Osborne is milking our pension pots dry

Published on 21 January 2016

Successive tweaks to the savings regime have netted the chancellor more than £5 billion a year say Paul Johnson in The Times.

This generation of pensioners is better off than any before it. That’s partly because state pension provision has improved a bit. But much more importantly, receipt of private pension income has grown dramatically. The bulk of the incomes of the newly-retired comes from private sources, not from the state. That has been the purpose of pension policy for decades. Anyone with even modest earnings has been encouraged to save for their retirement because the state pension is not intended to provide a decent replacement for earnings. Those with higher earnings must make significant private provision to maintain anything like their standard of living into retirement.

The result is that taxpayers don’t pay huge amounts to fund very high benefits to retired lawyers and bankers, as they do in France and Germany. Our lawyers and bankers largely look after themselves, while taxpayers ensure a basic minimum for all.

Governments of all stripes have recognised that widespread access to good private pensions is an essential part of the implicit deal with the voter — we won’t pay you much of a state pension, but we will make sure you have the chance to save for yourself.

And at the heart of that deal has been the tax treatment of private pensions. It should go without saying that nobody would tie up hundreds of thousands of pounds in a pension, which they can’t access for decades, if there weren’t some benefit for doing so compared to saving in some other way. That benefit is tax relief. I don’t pay tax on my pension contributions but I will pay tax on the pension when I receive it. In truth, it’s not much of a relief — it’s merely tax deferred rather than tax saved. That’s the least I might hope for if the state effectively requires me to save to provide for myself. The real additional relief comes in the shape of a tax free lump sum equal to a quarter of the accumulated pension pot and in the fact that no national insurance contributions are payable on pension contributions made by an employer.

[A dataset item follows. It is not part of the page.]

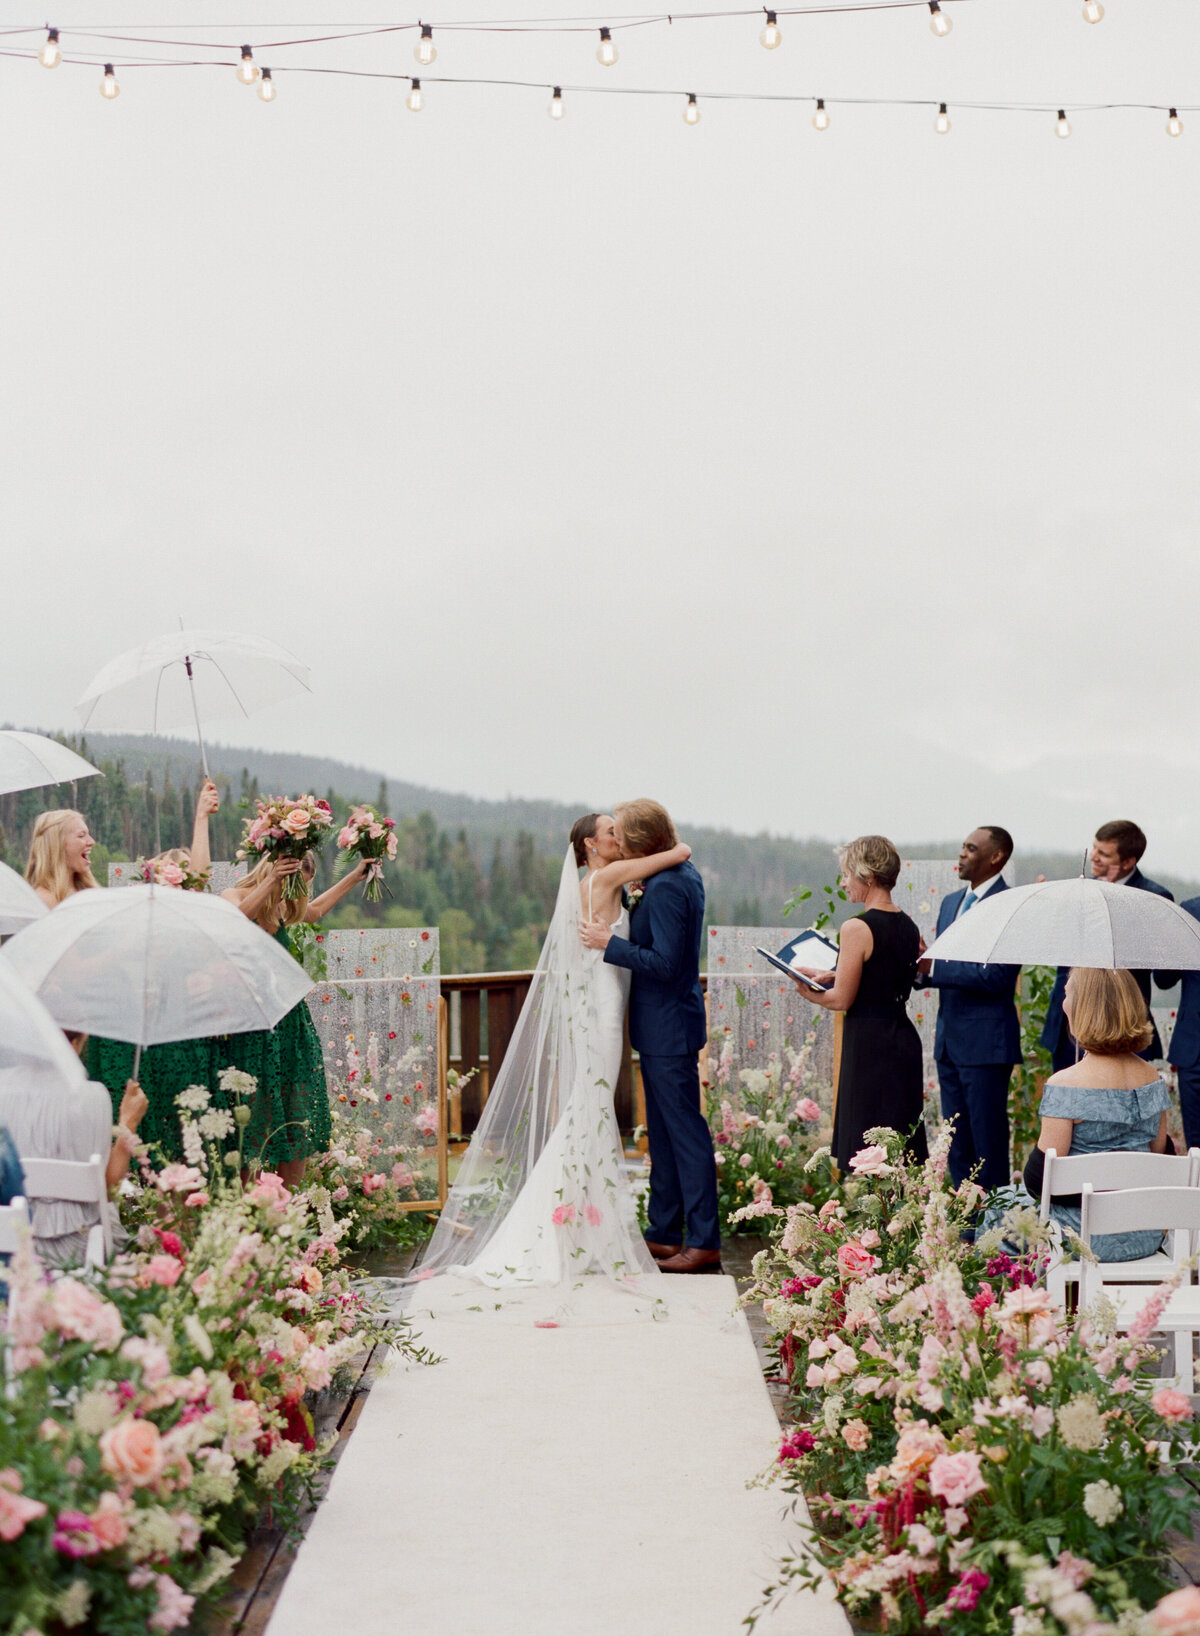 Logan & Ben - Fashion-Forward Mountaintop Wedding in Telluride, Colorado-25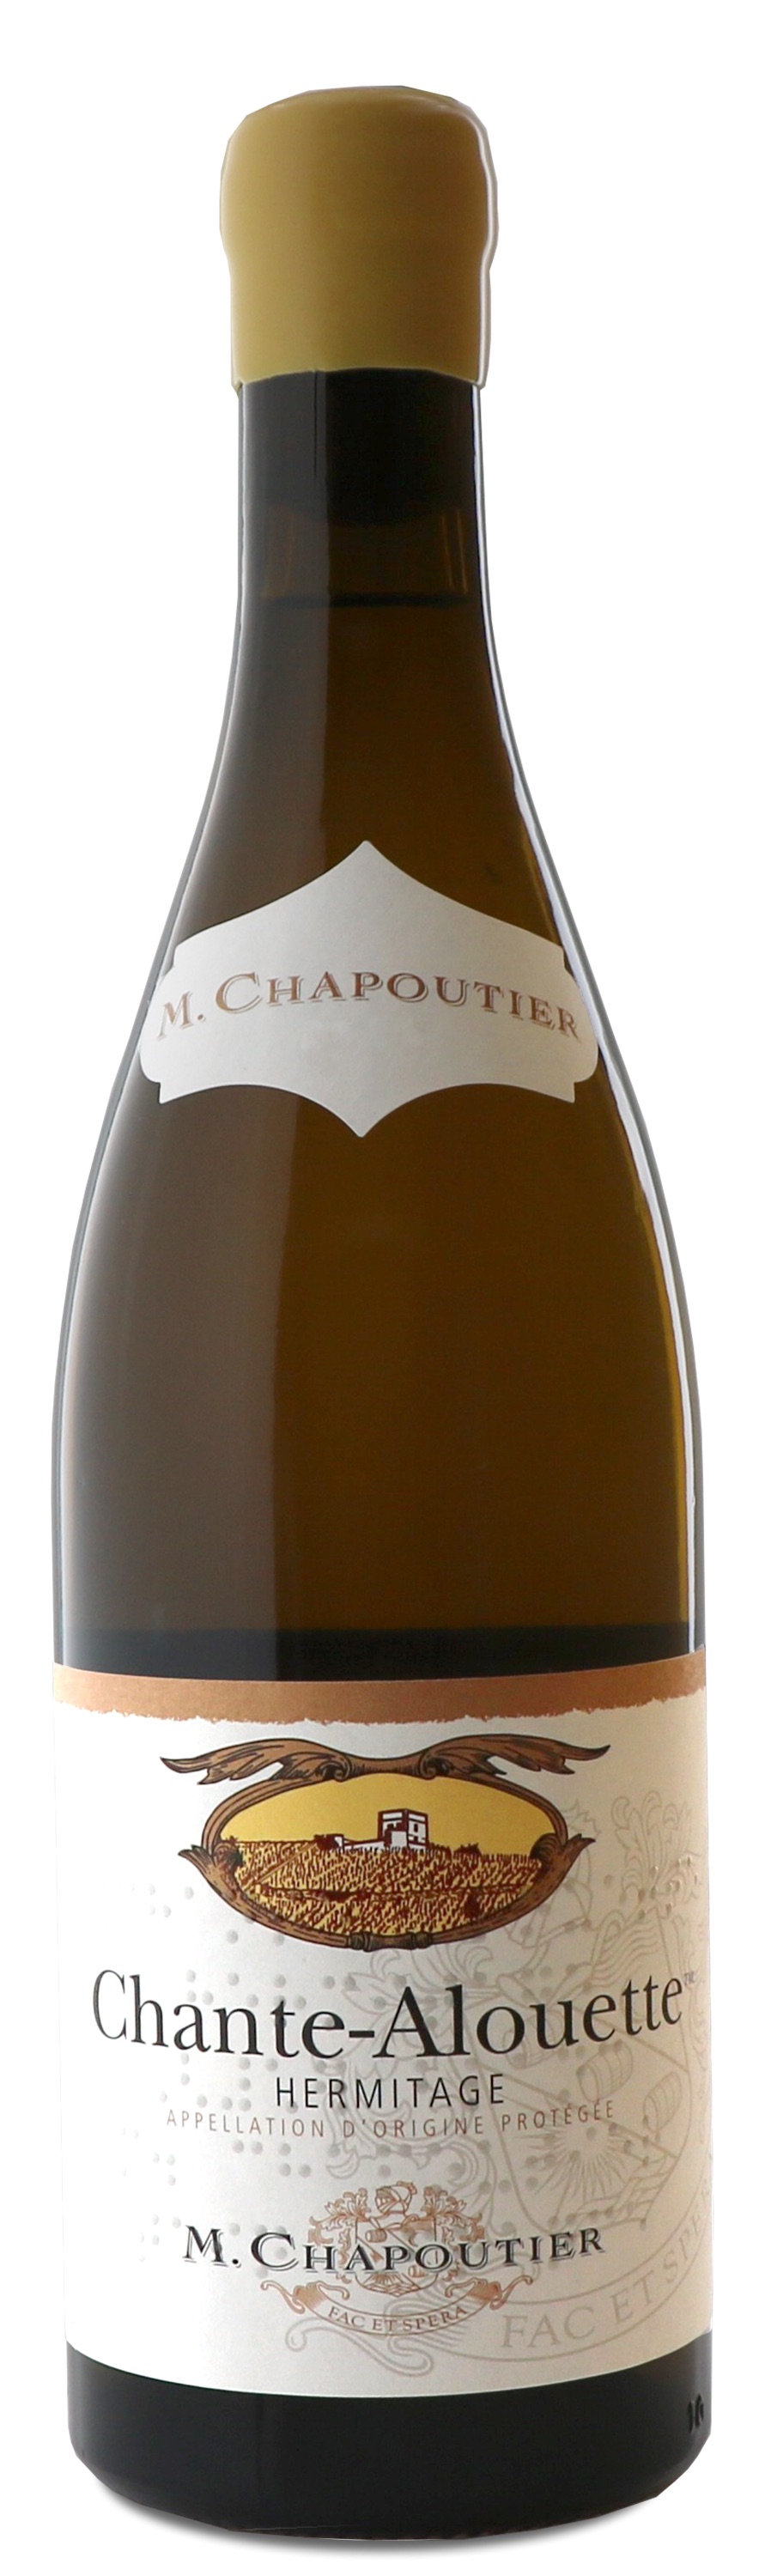 M. Chapoutier - Hermitage Chante-Alouette 2018 (750)

This broad structure of taxation survived for many decades. It was rationalised by the last Labour government to create a system that we were promised would be “simple, durable and readily understood”. If only. The tax regime has been changed and changed again as pension savings have proved something of a milch cow for the current chancellor. By reducing the amount that can be put in a pension free of tax in any one year and the maximum size of the accumulated pot, he has increased tax revenues by more than £5 billion a year.

The latest instalment of these changes means that alongside an annual maximum contribution of £40,000 a year, the lifetime maximum pension pot is to be reduced to £1 million this April. In addition, in a bizarre and complex reform, those on the highest incomes will be allowed to save only £10,000 a year tax-free in a pension. As the maximum contribution is reduced once income exceeds £150,000 the effect for many will be much the same as imposing an income tax rate of more than 60 per cent; a curious outcome from a chancellor so keen to cut the top income tax rate below 50 per cent.

In terms of a lifetime limit, £1 million might sound like a lot. It is quite a lot. But after taking a lump sum it’s only enough to buy an inflation proof pension of about £30,000 a year. This is not a limit affecting only the super rich. As a result of a bias in the system the effective limit is quite a bit higher for those (mostly in the public sector) lucky enough to have an occupational pension tied to salary. But because many of those schemes are rather generous, a surprisingly large number of members may be caught.

Note, by the way, that these changes only affect the current working generation. The effects will not be felt at all by those already enjoying the benefits of a pension accumulated under more generous tax rules and, in the case of salary-related occupational pensions, also paid for in large part by the current generation of workers.

Yet bigger changes would seem to be afoot. The Treasury has been consulting on a more radical revamp of the pension tax system. If reports are to be believed it looks as if the current system of relief whereby income taxpayers get relief at their marginal rate, may be swept away in favour of a single flat rate of relief.

You will hear that this is a good idea because the majority of tax relief, “unfairly”, goes to higher and additional rate taxpayers. But of course it does. They pay the vast majority of income tax. If the 40p rate were increased to 41p they would pay more tax. The fact that they would also get a higher fraction of tax relief wouldn’t alter that fact.

The dangers of fiddling further with tax relief like this are threefold. First, continued change makes planning more difficult. People will make mistakes or just give up on pensions. Second, there are likely to be unintended consequences. If it’s made more expensive to put money in a pension, yet more money in housing is a likely outcome. Third, with the government’s own figures suggesting that the majority of those under-saving for retirement are actually relatively high earners, the implicit contract at the heart of our pension system may buckle under the pressure. The cost of that would be high indeed.